Degree of a node means the no. of edges connected to that node.

Time complexity of the Efficient approach (For 100 points) -

  • 1 * O(nodes + edges)
  • 1 * O(no. of marked cells + edges)
  • 1 * (50000 + rows + columns)
  • 1 * (50000 + 2*N)
  • 1 * (50000 + 2*50000)
  • 1 * (50000 + 100000)
  • 1 * 150000
  • 1.5 * 10^5
  • < 1 sec (Time limit of the problem)
  • AC for 100 points

This is my well-commented code - Click Here


Implementation is also added!


How did you know so much??It’s awesomee

1 Like

@alei Sorry to disturb you, I would like to know the deficiency of the following approach

  1. Construct the bipartite graph as instructed by you.
  2. Run dfs from each vertex and check whether that visits all the vertices in the graph.If so, we have found an eulerian tour.

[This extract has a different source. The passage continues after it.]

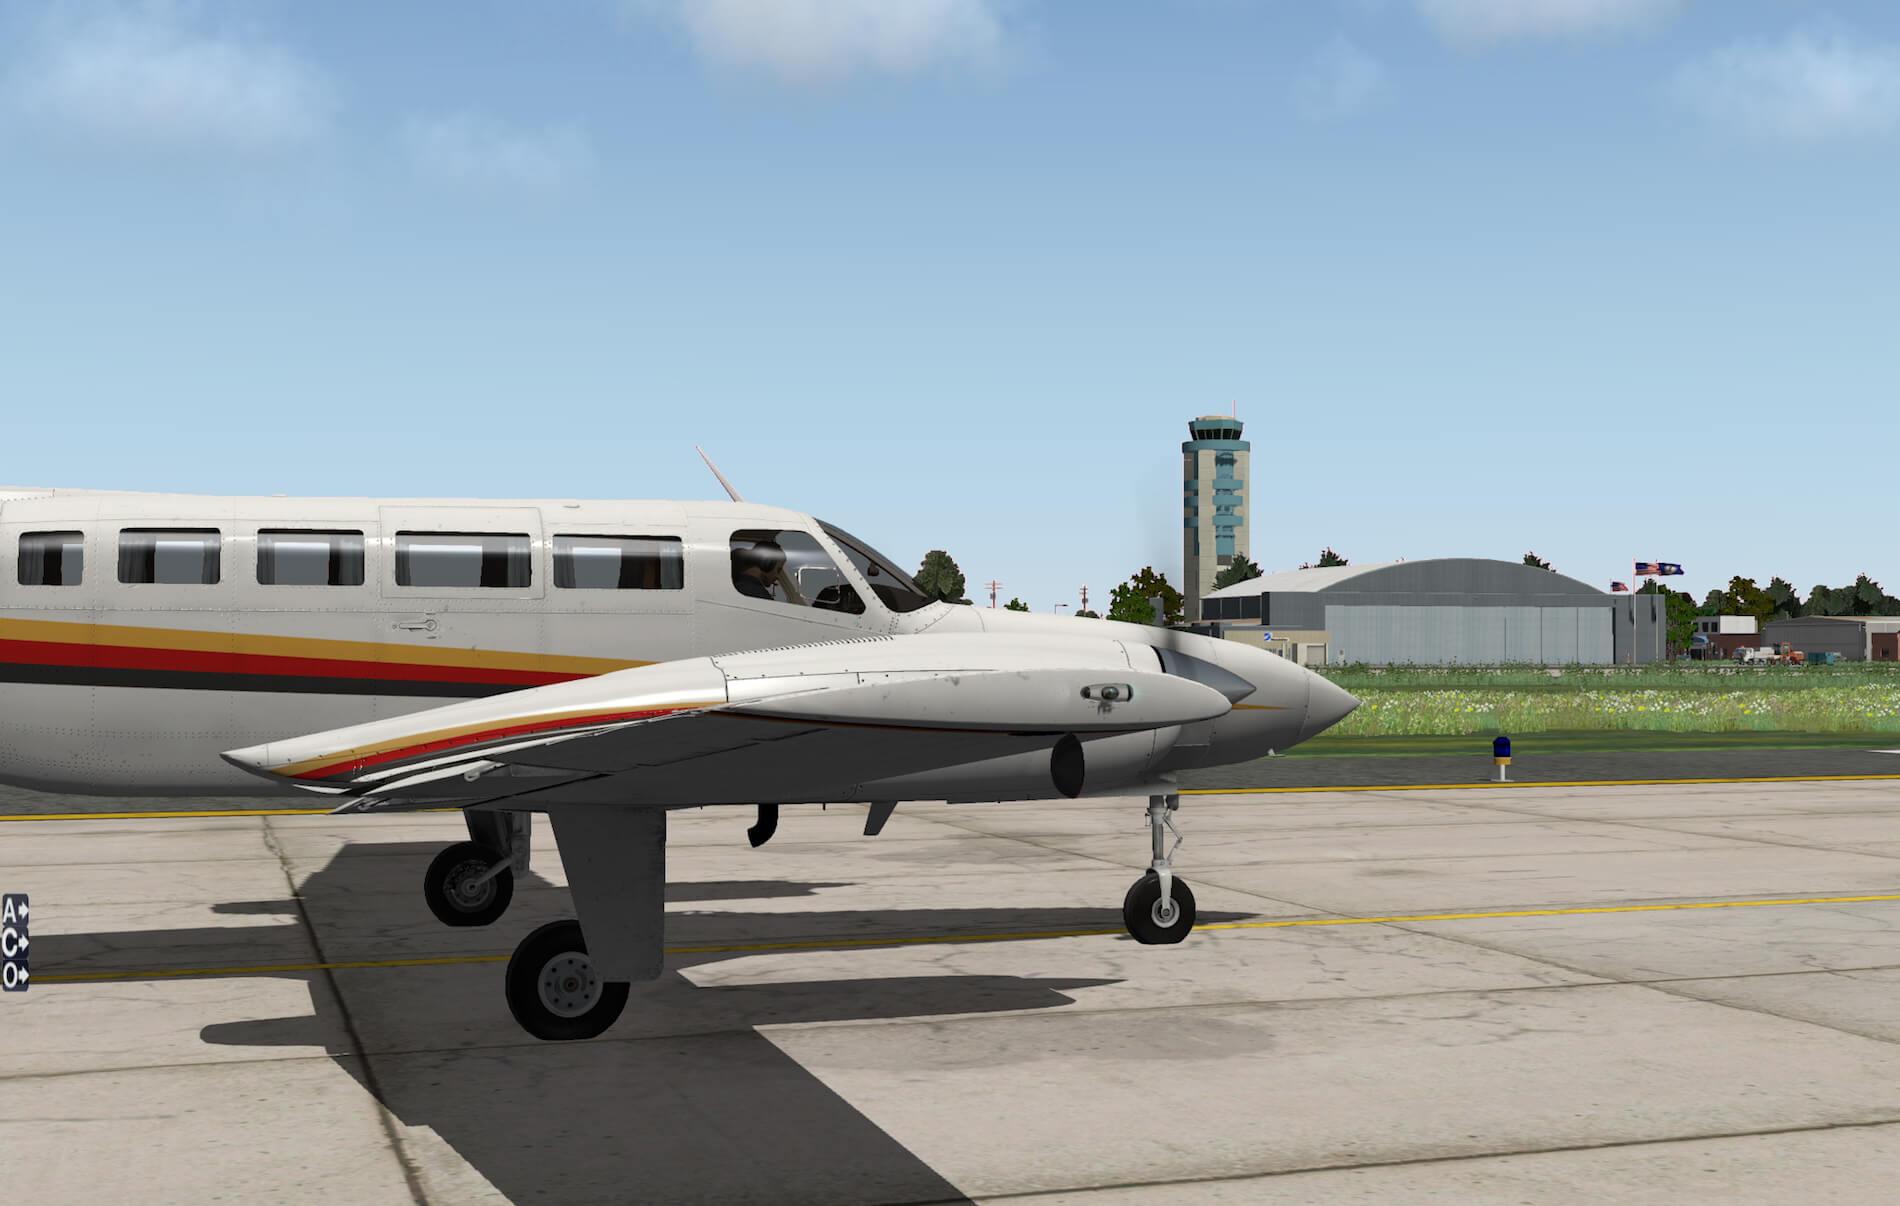 x-plane garmin 430 how to load flight plan

Do you find any deficiency in this approach? I am getting wrong ans…
Thanks in advance…

1 Like

dfs always visits all vertices of a connected graph. We are interested in visitng all edges exactly once (is possible to visit any vertex multiple times).
Maybe this helps:

Thanks for your concern.

Thanks Brother!
Before solving this problem i haven’t solve any problem based on eulerian path and bipartite graph.

When i read the editorial and also watched video editorial , i couldn’t understand the approach.But then i tried to dry run the problem on pen and paper for so long and then i actually got to understand the solution.

Therefore i thought that i should write a beginner friendly explanation for those people who are still confused after reading the editorial.